Yield the edges of a graph in breadth-first order, discarding eventual cycles. The first argument should be the start node; children should be a function taking as argument a graph node and returning an iterator of the node’s children.

>>> from nltk.util import edge_closure
>>> print(list(edge_closure('A', lambda node:{'A':['B','C'], 'B':'C', 'C':'B'}[node])))
[('A', 'B'), ('A', 'C'), ('B', 'C'), ('C', 'B')]
nltk.util.edges2dot(edges, shapes=None, attr=None)[source]
Parameters:
  • edges – the set (or list) of edges of a directed graph.

  • shapes – dictionary of strings that trigger a specified shape.

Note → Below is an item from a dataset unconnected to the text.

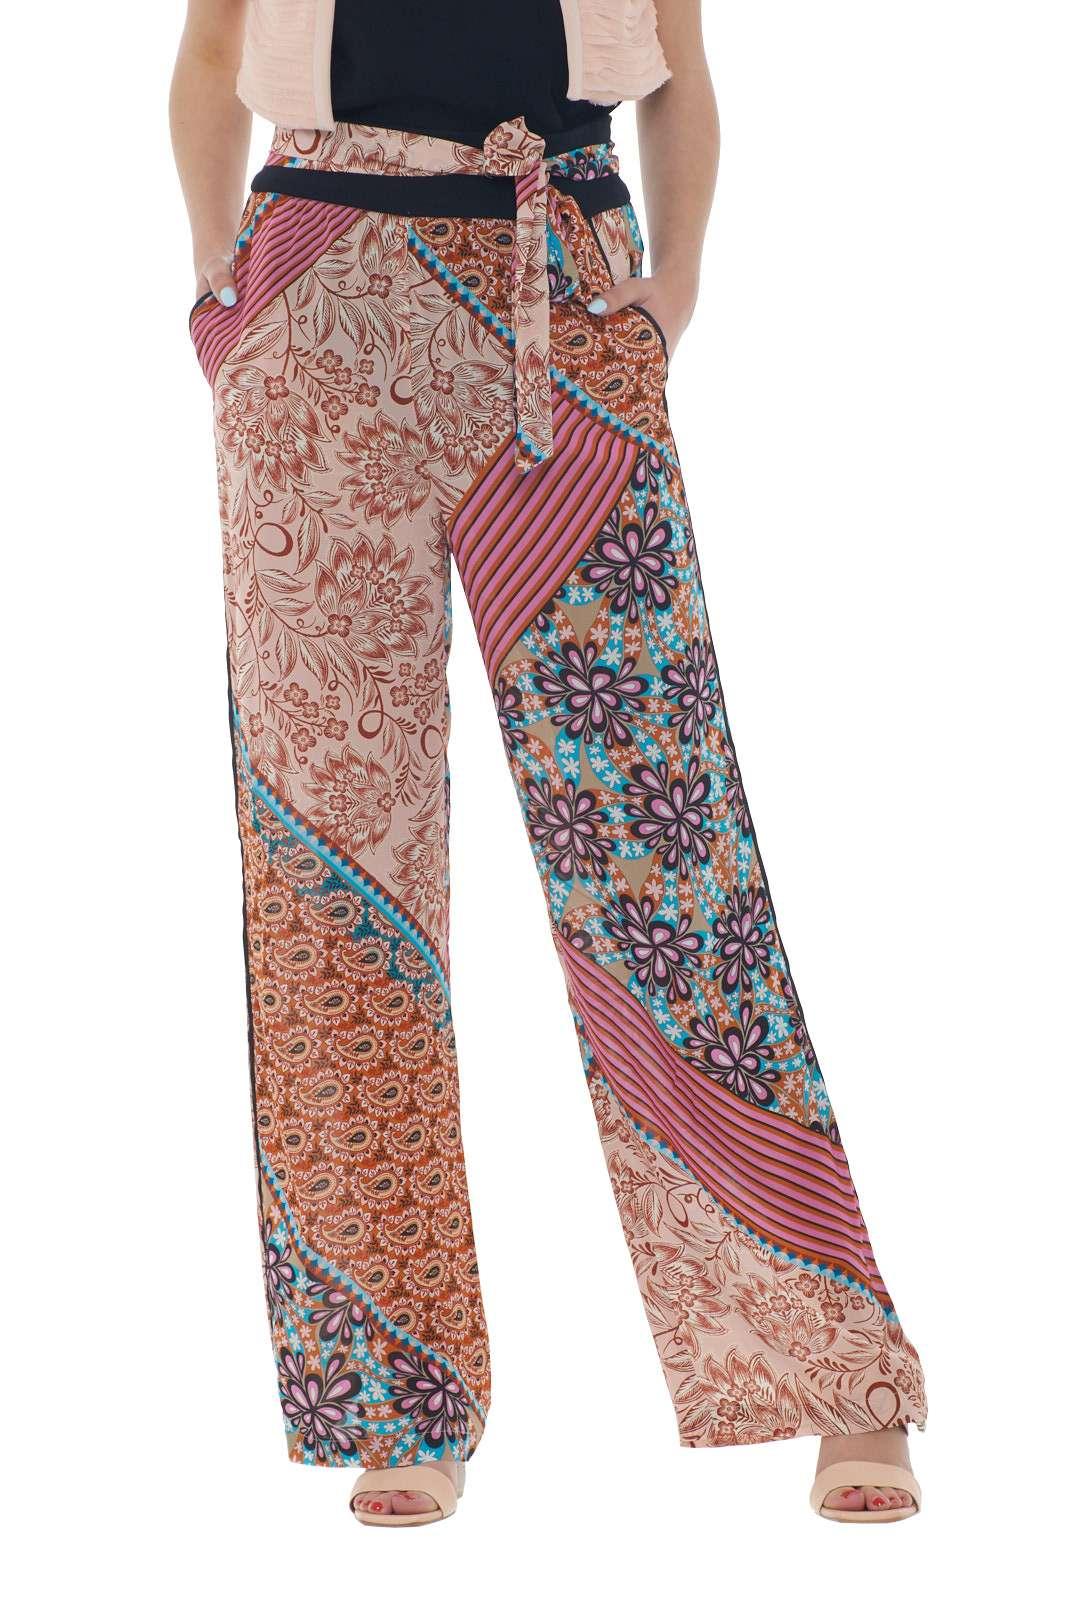 https://www.parmax.com/media/catalog/product/a/i/PE-outlet_parmax-pantaloni-donna-Pinko-1g14uq-A.jpg

  • attr – dictionary with global graph attributes

Returns:

a representation of ‘edges’ as a string in the DOT graph language.

Returns dot_string: a representation of ‘edges’ as a string in the DOT graph language, which can be converted to an image by the ‘dot’ program from the Graphviz package, or nltk.parse.dependencygraph.dot2img(dot_string).

>>> import nltk
>>> from nltk.util import edges2dot
>>> print(edges2dot([('A', 'B'), ('A', 'C'), ('B', 'C'), ('C', 'B')]))
digraph G {
"A" -> "B";
"A" -> "C";
"B" -> "C";
"C" -> "B";
}
nltk.util.elementtree_indent(elem, level=0)[source]

Recursive function to indent an ElementTree._ElementInterface used for pretty printing. Run indent on elem and then output in the normal way.

Parameters:
  • elem (ElementTree._ElementInterface) – element to be indented. will be modified.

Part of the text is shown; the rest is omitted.